INSTRUCTIONS FOR THE TASK
Leaving out the pictures, write out exactly each line from the line with "Sculptris Creature Shaders" through the close of the listing below.

INFORMATION PROVIDED
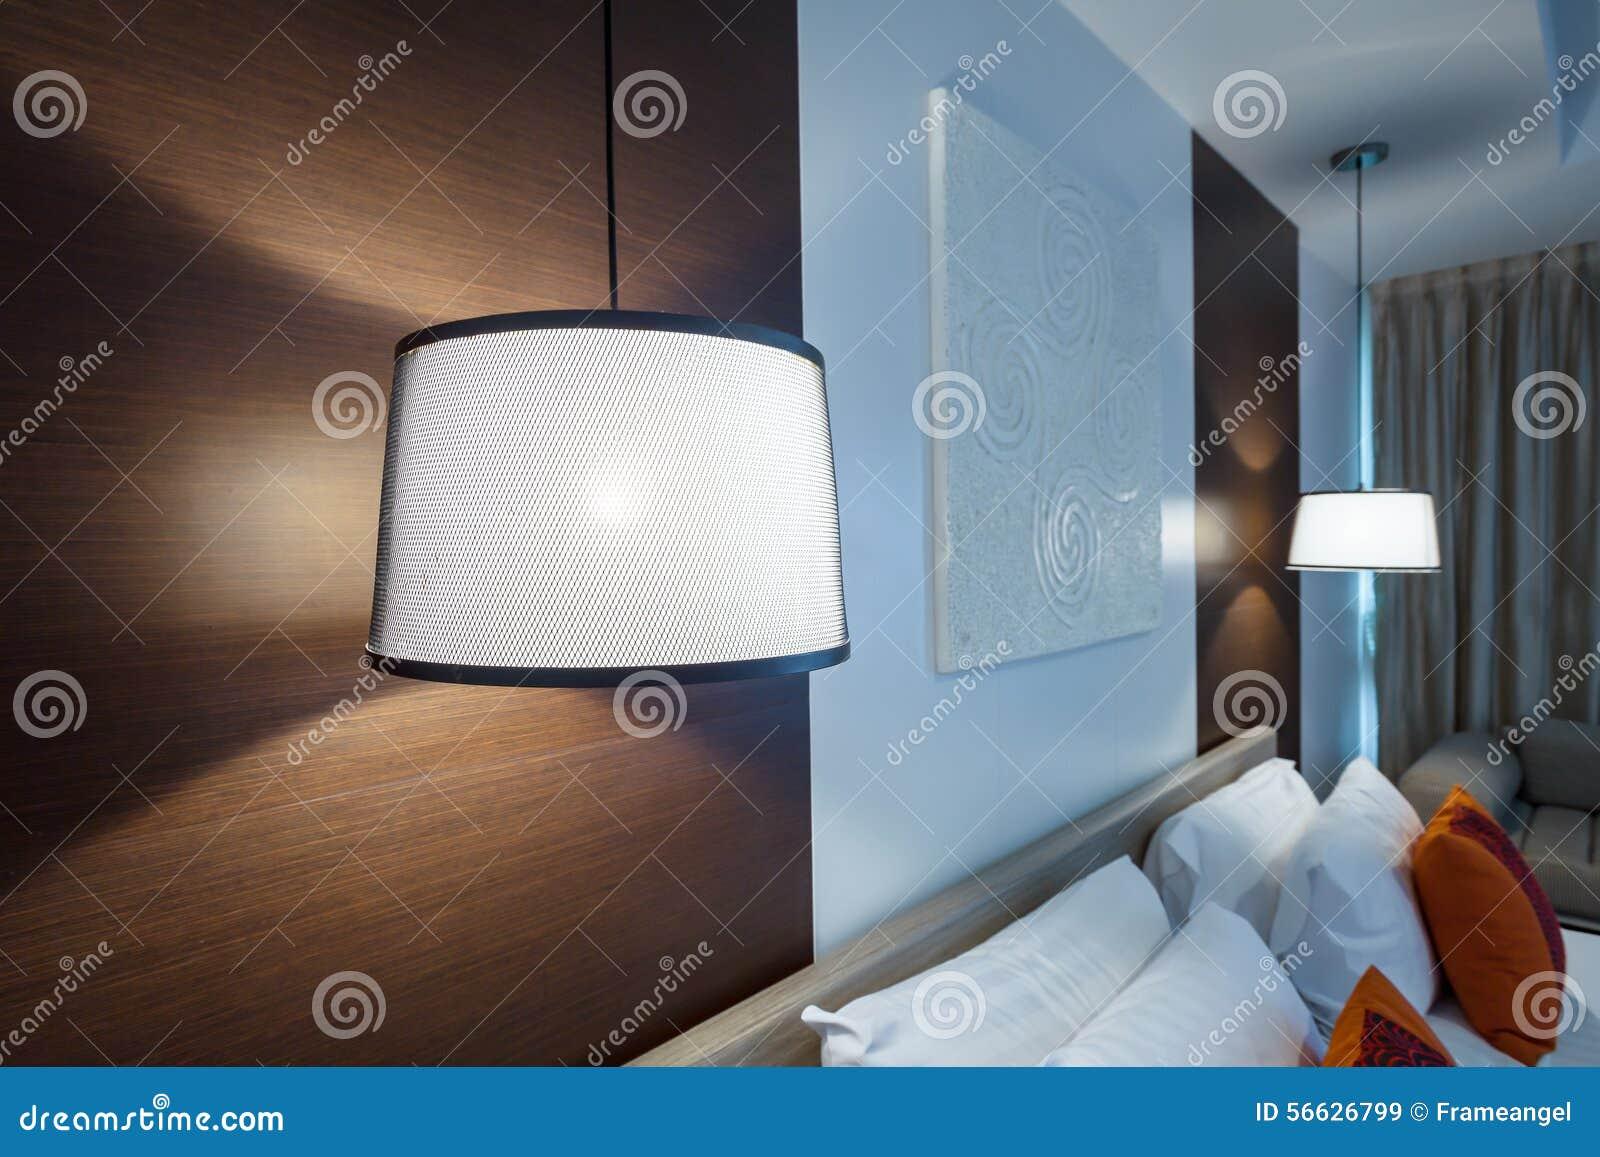 Slaapkamer Lampen Plafond: Slaapkamer lamp plafond ideas for licht ...
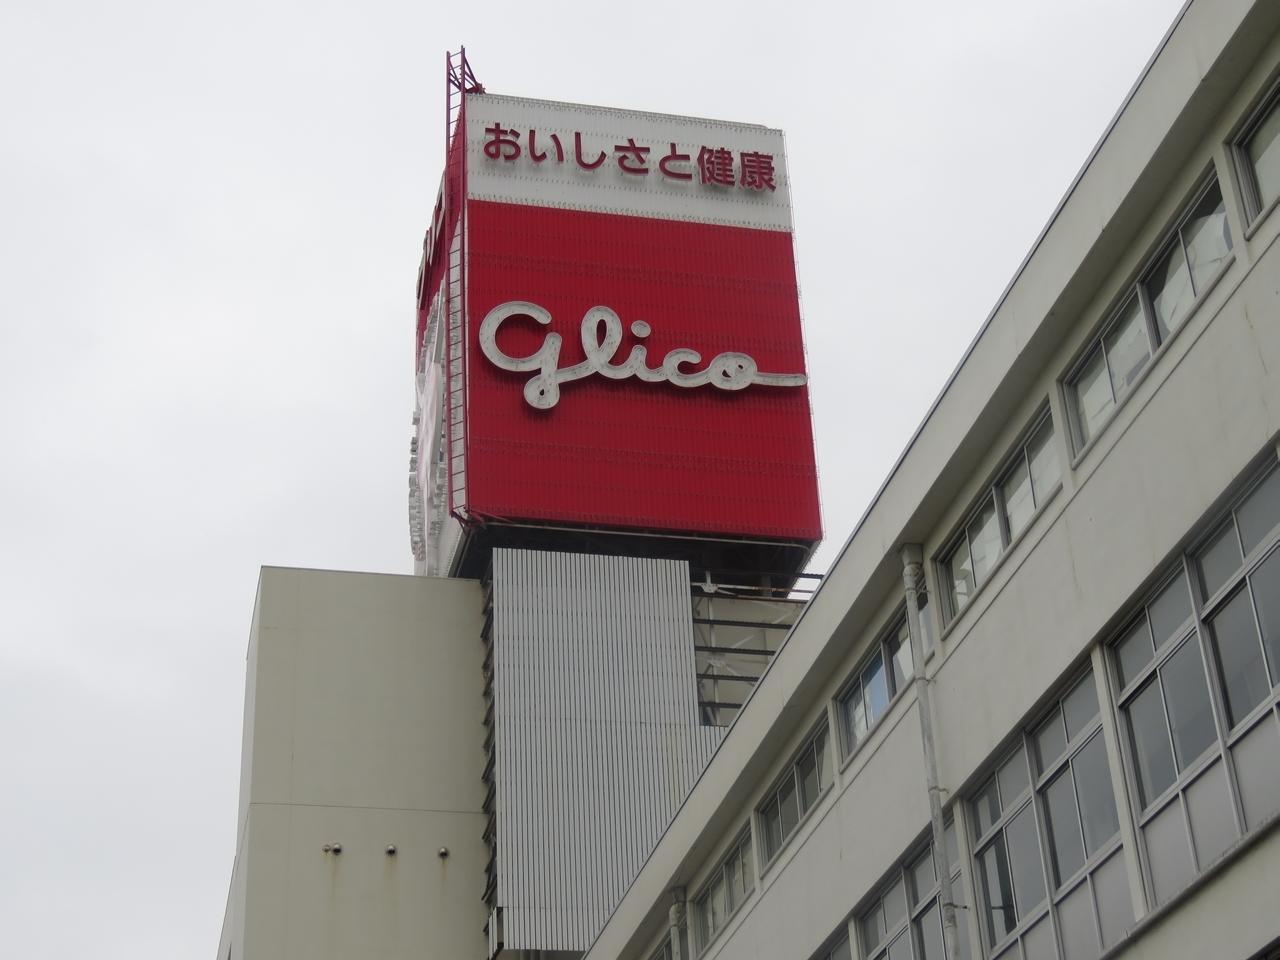 s-江崎記念館
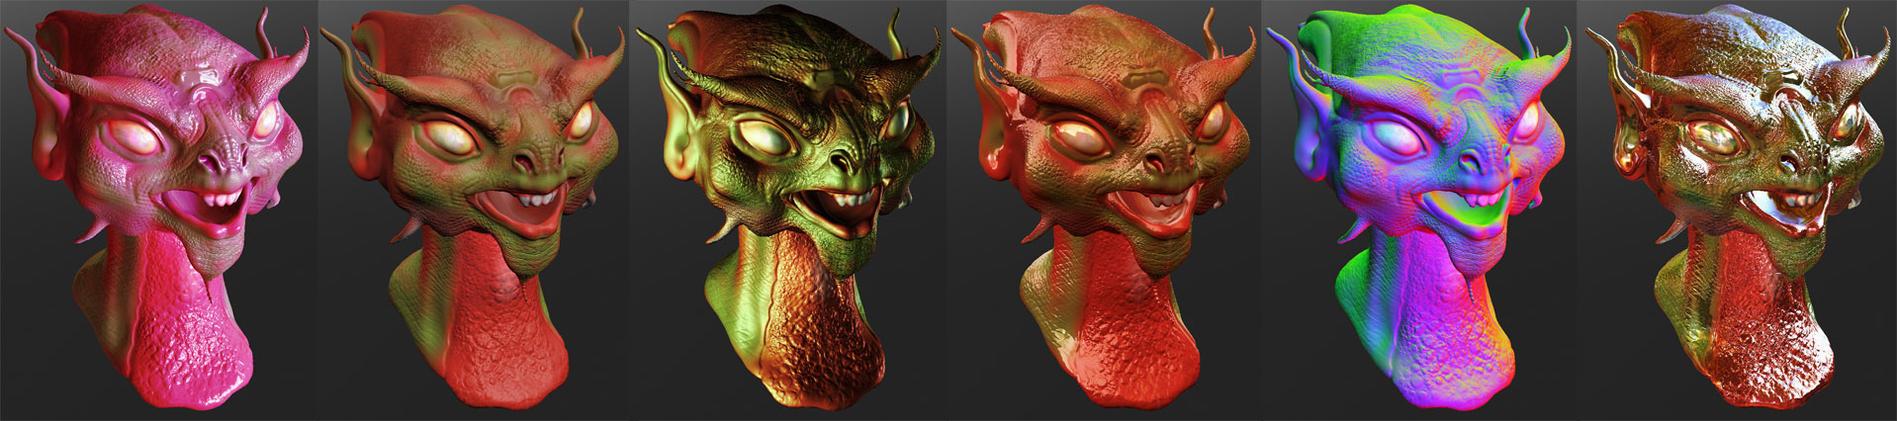 Sculptris Creature Shaders by fernandoreinicke on DeviantArt
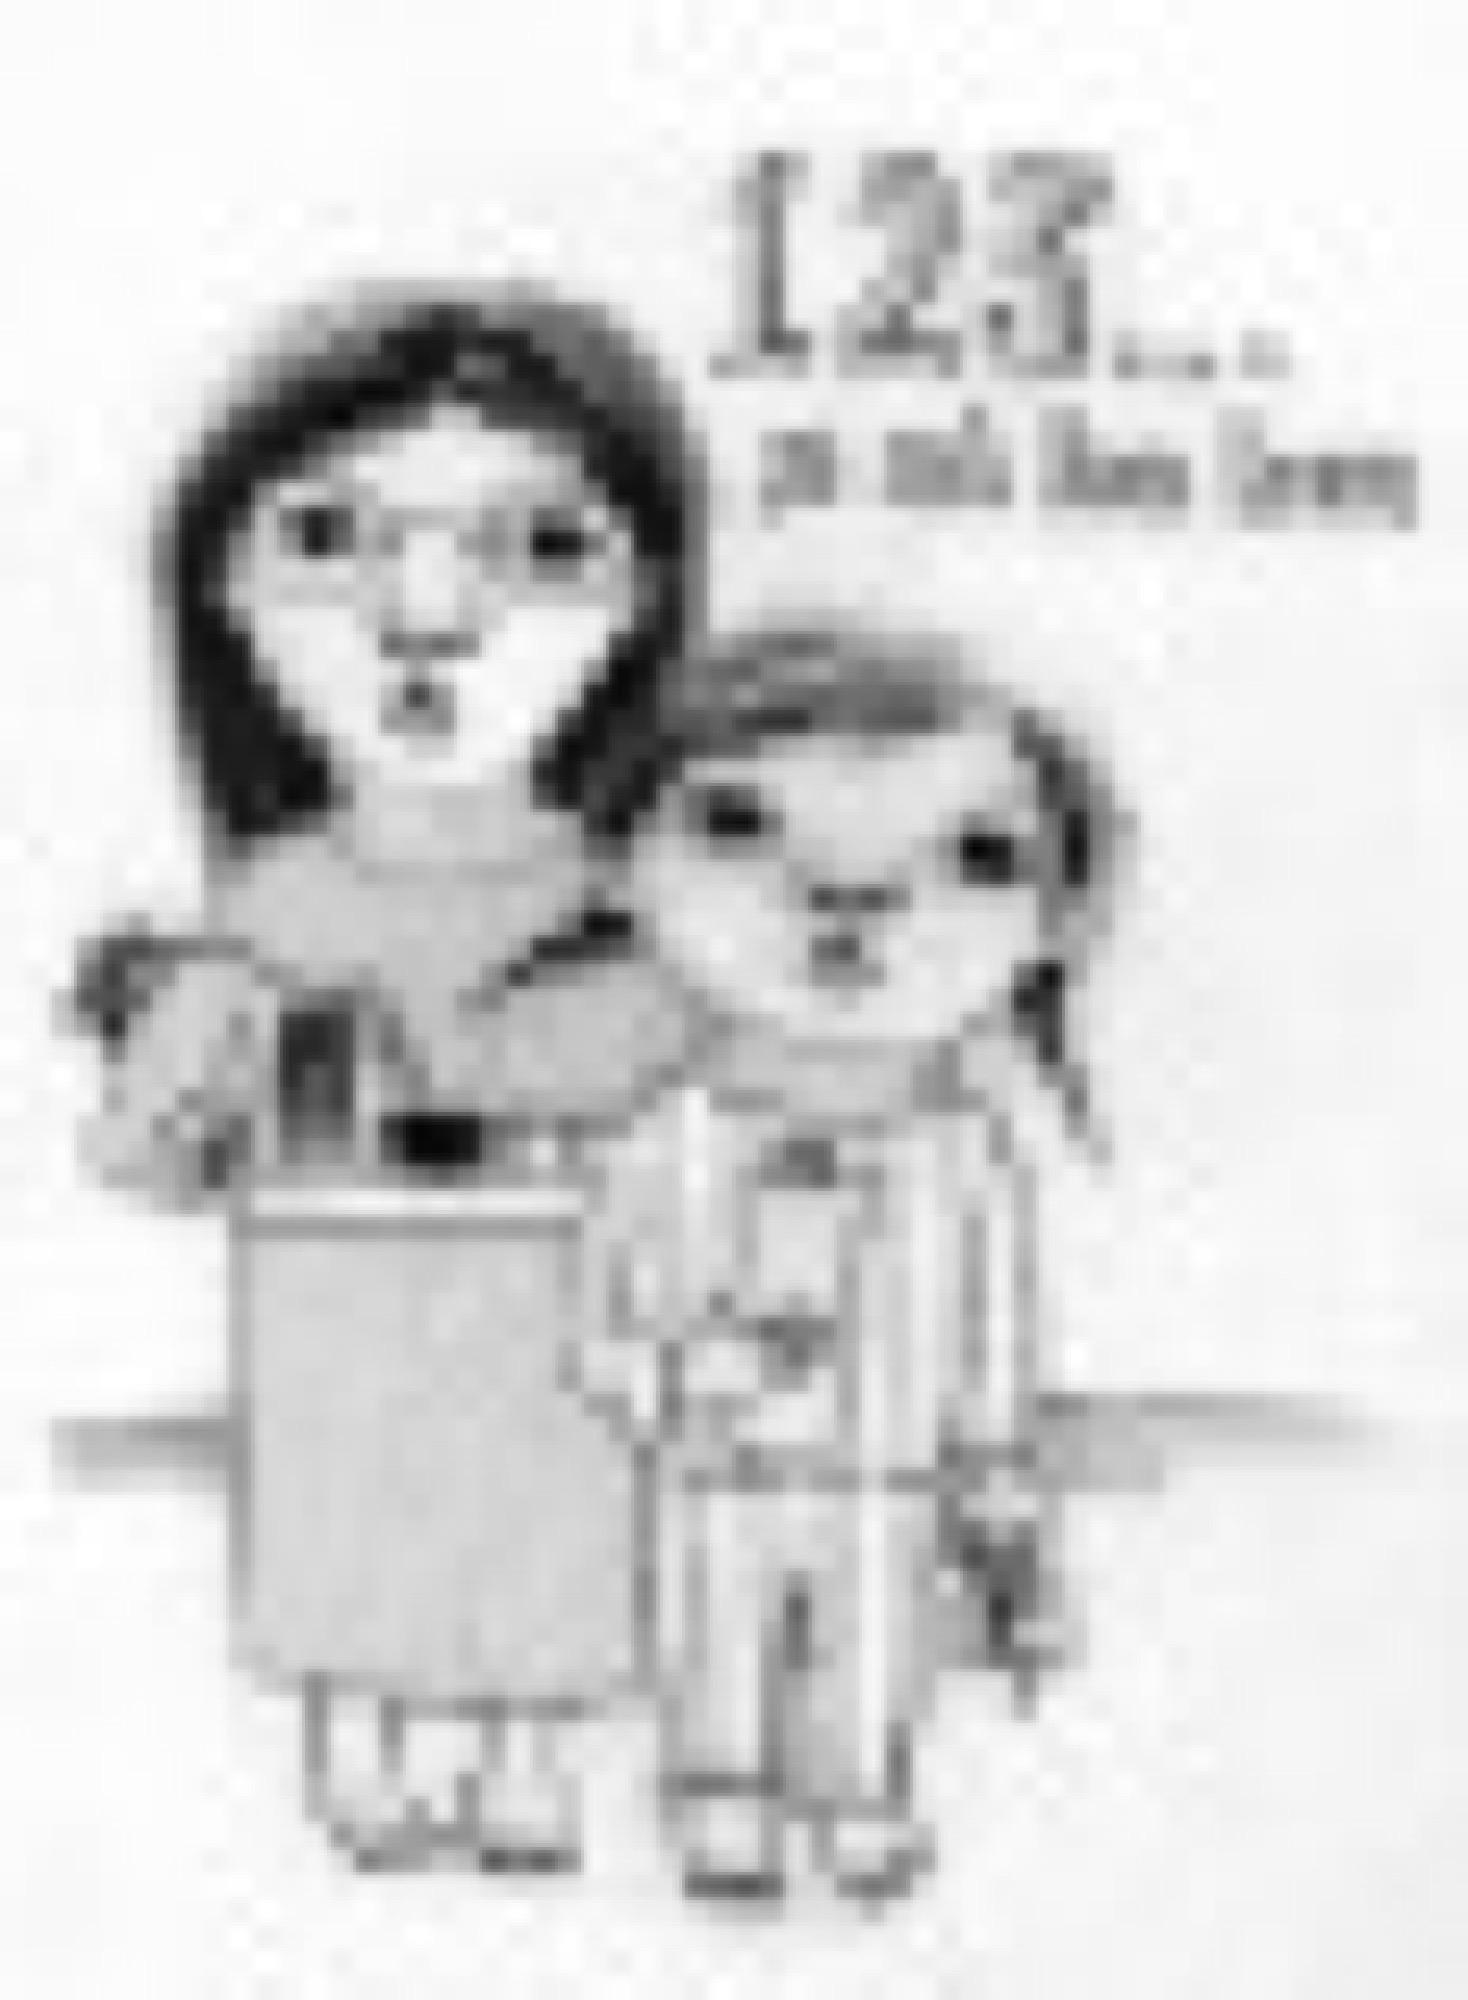 Födelsedagsmamman, childrensbook 2003.

WRITTEN SOLUTION
 Sculptris Creature Shaders by fernandoreinicke on DeviantArt
 Födelsedagsmamman, childrensbook 2003.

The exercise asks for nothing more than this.